Many of them don't care about longevity, they only care about the here and now. Unions have been advocating a system which is inherently impossible to maintain, yet every year they argue with greater fervor that their unsustainable plan be maintained and expanded. Perhaps some party therotician\ideologues want longevity, but for their ground troops, all they want is money NOW.

djolds1 wrote:Primaries are different from general elections. Dems will cheat in general elections, GOPhers will be "caught" by the MSM. Unless there's a disaster, Romney has it sewn up.

Most likely. The question is will the Milquetoast candidate garner any enthusiasm? The base doesn't care for him. If he is the nominee, I doubt many will bother voting. Barack's hard core WILL show up.

djolds1 wrote: Woodward seems to be running into problems with the dielectrics, and Heim is discredited now. HFGWs or Pharis Williams' idea might play out. Williams' work is sweet in terms of parsimony.
I haven't kept up lately, being too involved in politics. What happened with Heim? How was it discredited. As for Woodward, it's easy to see how a technology on the ragged edge of material science might run into problems. At the transition speeds he is trying to use, material becomes spongy.

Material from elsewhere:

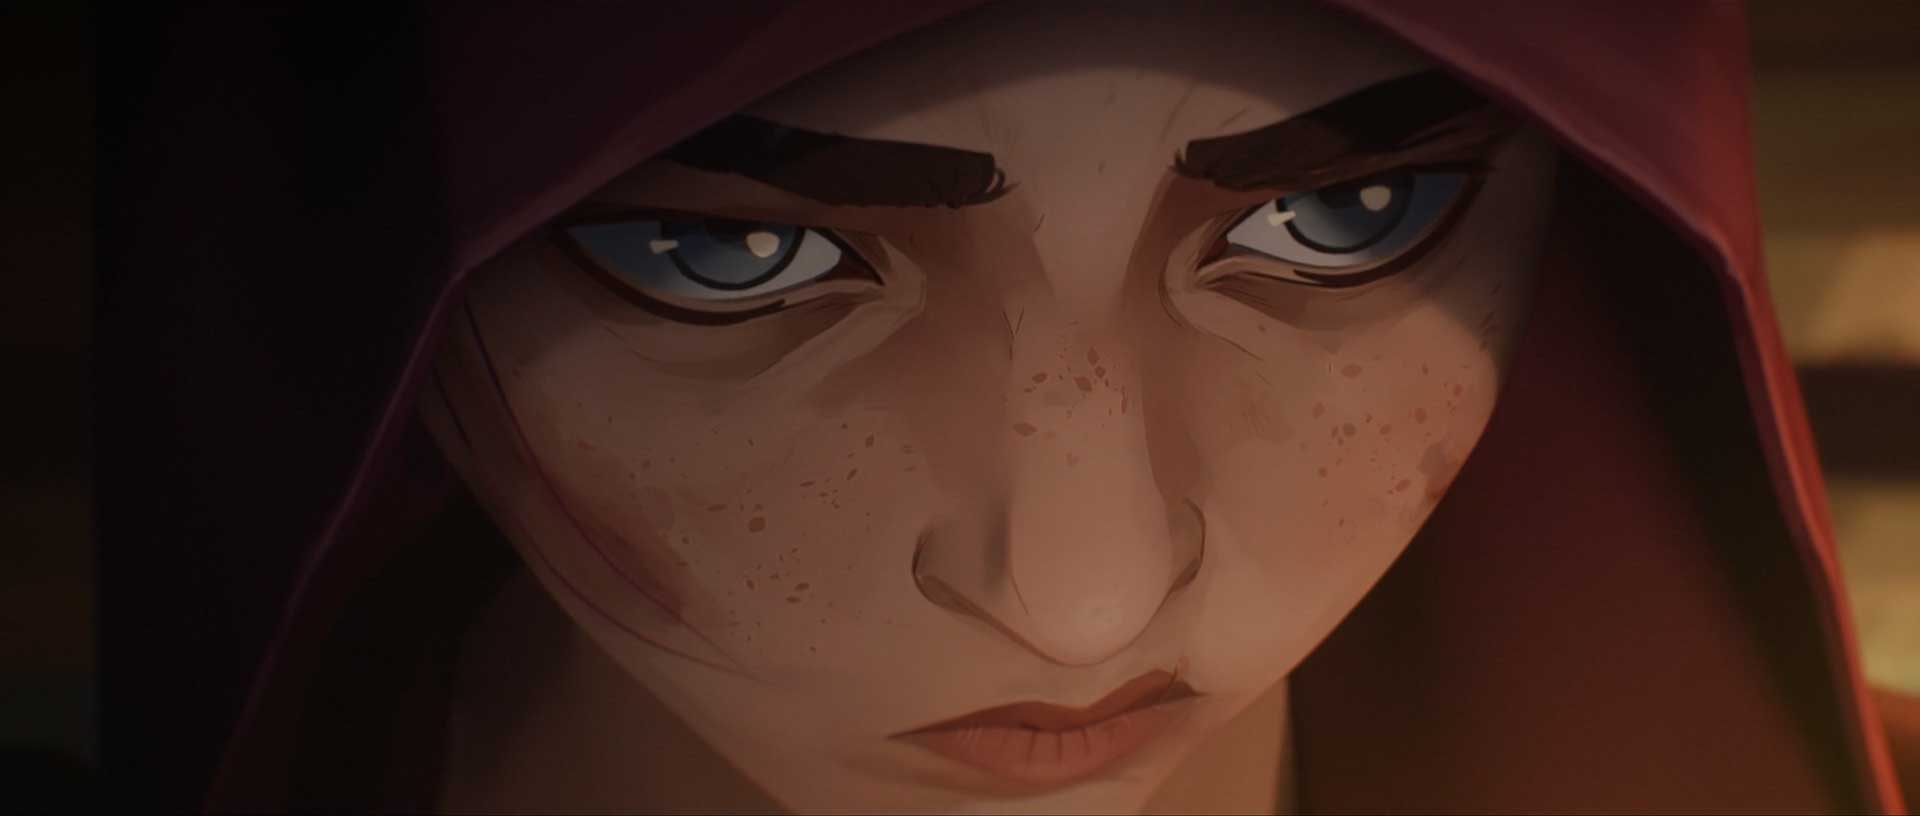 انیمیشن Arcane نتفلیکس و چهره وای در سنین نوجوانی زیر کلاه هودی

djolds1 wrote:Traveller is one of the better fictional RPG universes ever created. IMO. Probably because it is also one of the longest-lived.
Alas, my Science Fiction days have been mostly behind me. I have been wanting to reacquaint myself with the genre, but It is hard to find stuff I like nowadays. Several months ago I bought "Speaker for the Dead" because it was written by Orson Scott Card, and "Ender's Game" was so good, I thought surely other books by this Author would be as well. So far, the first several chapters have been a snooze fest in my opinion.

As for the RPG, I loved the Fantasy based Genre, but I never got into the Sci-Fi versions.



djolds1 wrote:Only if you count George Washington and Dwight Eisenhower as vicious bad-asses. Competent and willing to be ruthless at need? Yes. Vicious? Not necessarily.
I just read a few days ago where Washington dealt with a Mutiny from an army group. He Captured them, and said he would pardoned the Enlisted but ordered them to shoot their officers who had so badly led them into mutiny. When the enlisted fired over their heads, Washington told them that if they didn't shoot true on the next volley, they would all join their officer's fate.

The men thereafter shot accurately.

Washington was a civilized man, so he could be ruthless without being vicious. (Wanton Cruelty) However, unprincipled cruelty also works to produce a base of loyal supporters.

Genghis Kahn for example.


What I am saying is that when TSHTF Vicious works as well (or perhaps better) in securing power. Saddam Hussein is another example.


Pour l'encouragement des autres.
‘What all the wise men promised has not happened, and what all the damned fools said would happen has come to pass.’